Parents and Guardians - Identifying Risk

The Centers for Disease Control and Prevention (CDC) estimates 24 million housing units nationally have deteriorated lead-based paint and elevated levels of lead-contaminated house dust. Over 4 million of these dwellings are home to one or more young children (CDC 2012).

Sources of Lead in Home

Most of Iowa's pre-1978 homes contain some lead-based paint. Assume your house still has some lead present if it was built before 1978, even if it has been renovated or repainted. Young children who live in pre-1978 homes can become lead poisoned when they get house dust and soil on their hands and put their hands in their mouths, when they breathe in lead dust, or when they put paint chips, exterior soil or items containing lead in their mouth. Large amounts of lead dust and debris can result when older homes are remodeled, repaired or painted. You should routinely check your home for possible lead hazards and check the United States Consumer Product Safety Commission recall list.
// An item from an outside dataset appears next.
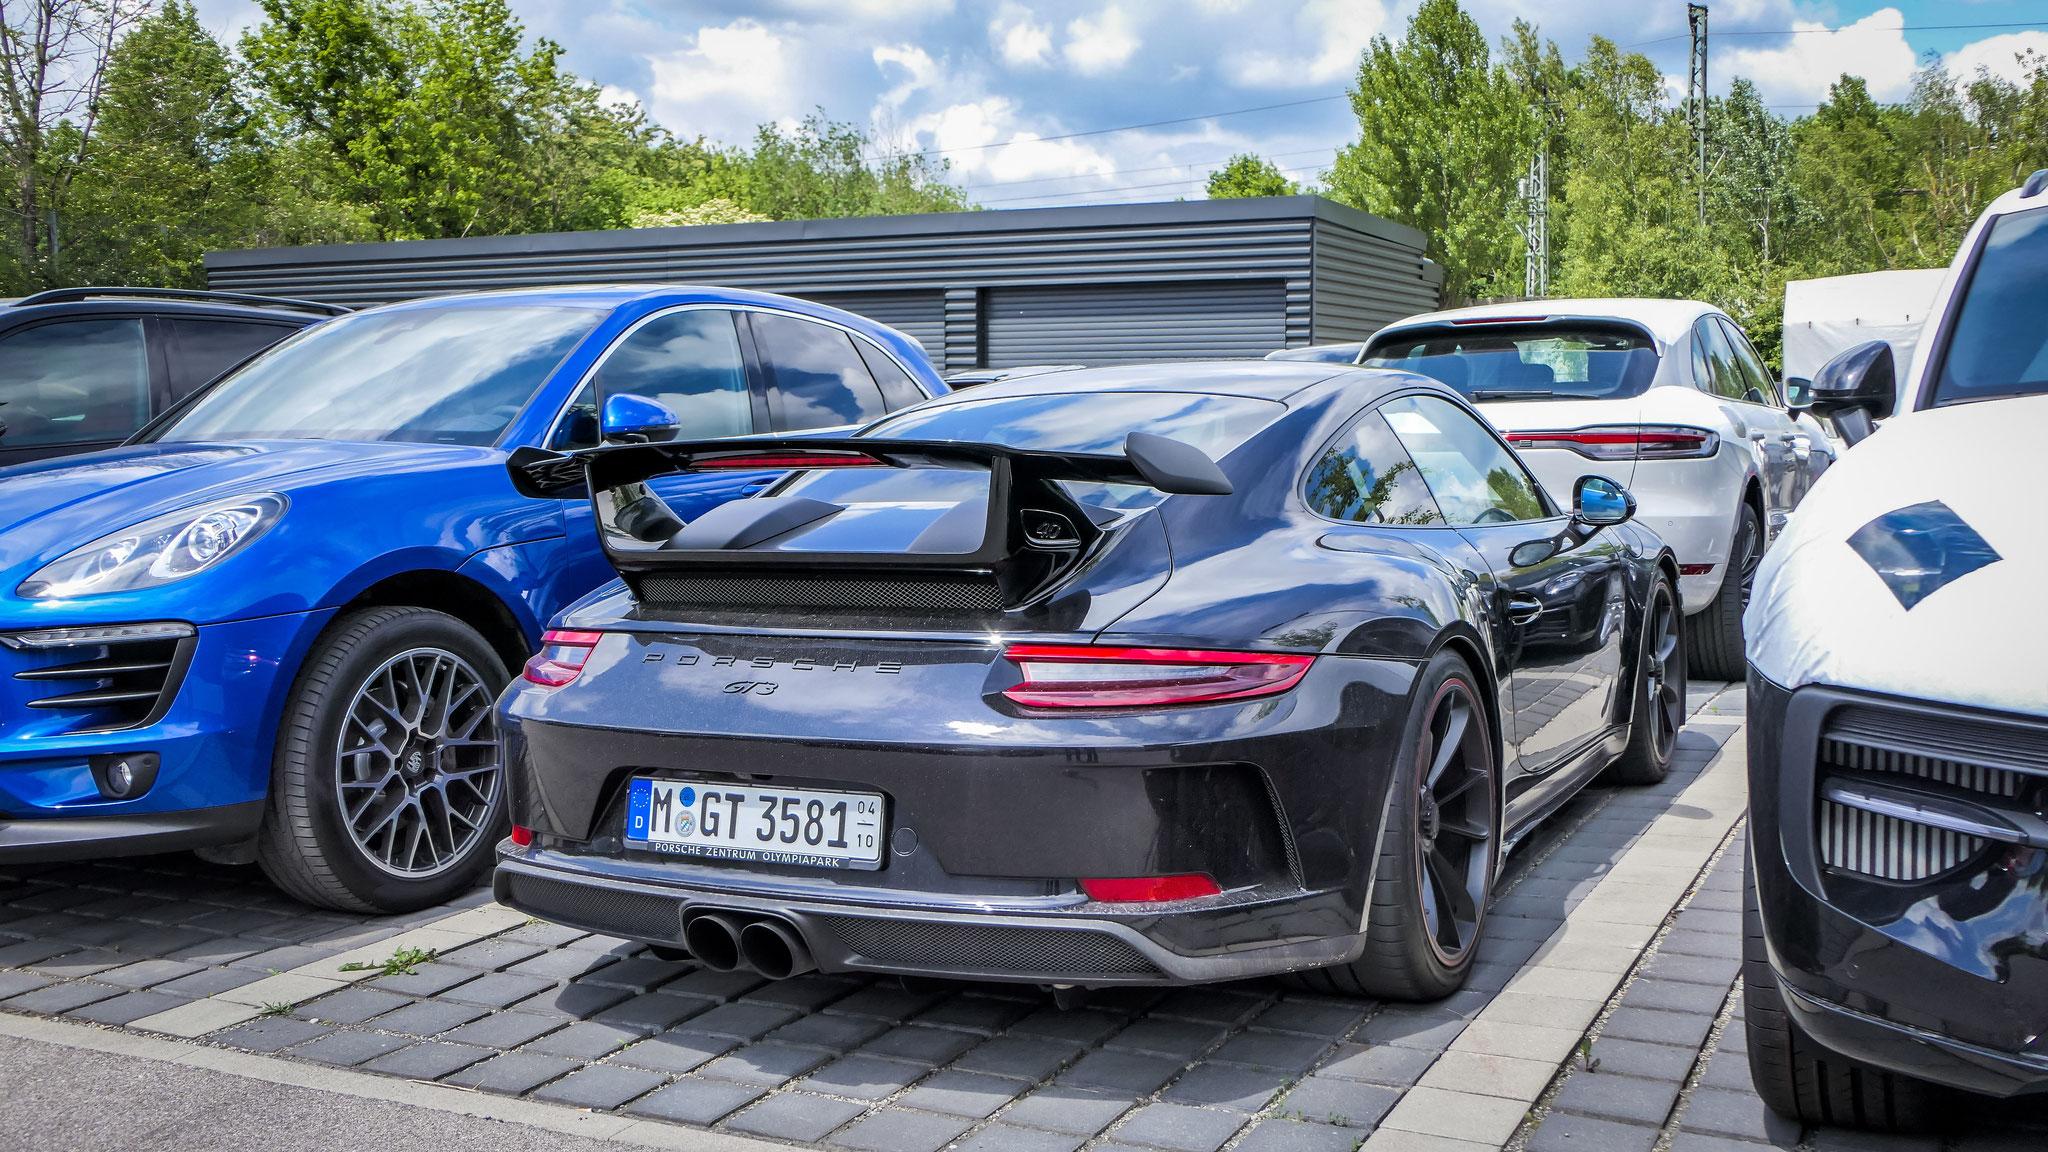 Porsche 991 GT3 - M-GT-3581

 Your child’s risk of lead exposure may also be higher if the child:

  • lives in a poorly maintained house or rental property
  • is low income or living in poverty
  • is a member of a racial or ethnic minority group
  • is a recent immigrant, refugee or was adopted from a foreign country
  • is in foster care
  • has a mental or behavioral disorder that increases mouthing
  • has parents who are exposed to lead at work

Having one or more of these conditions does not predict risk in every community, and children in these groups may not be exposed to lead and may not have elevated blood lead levels. Only a blood test can determine whether a child has lead poisoning.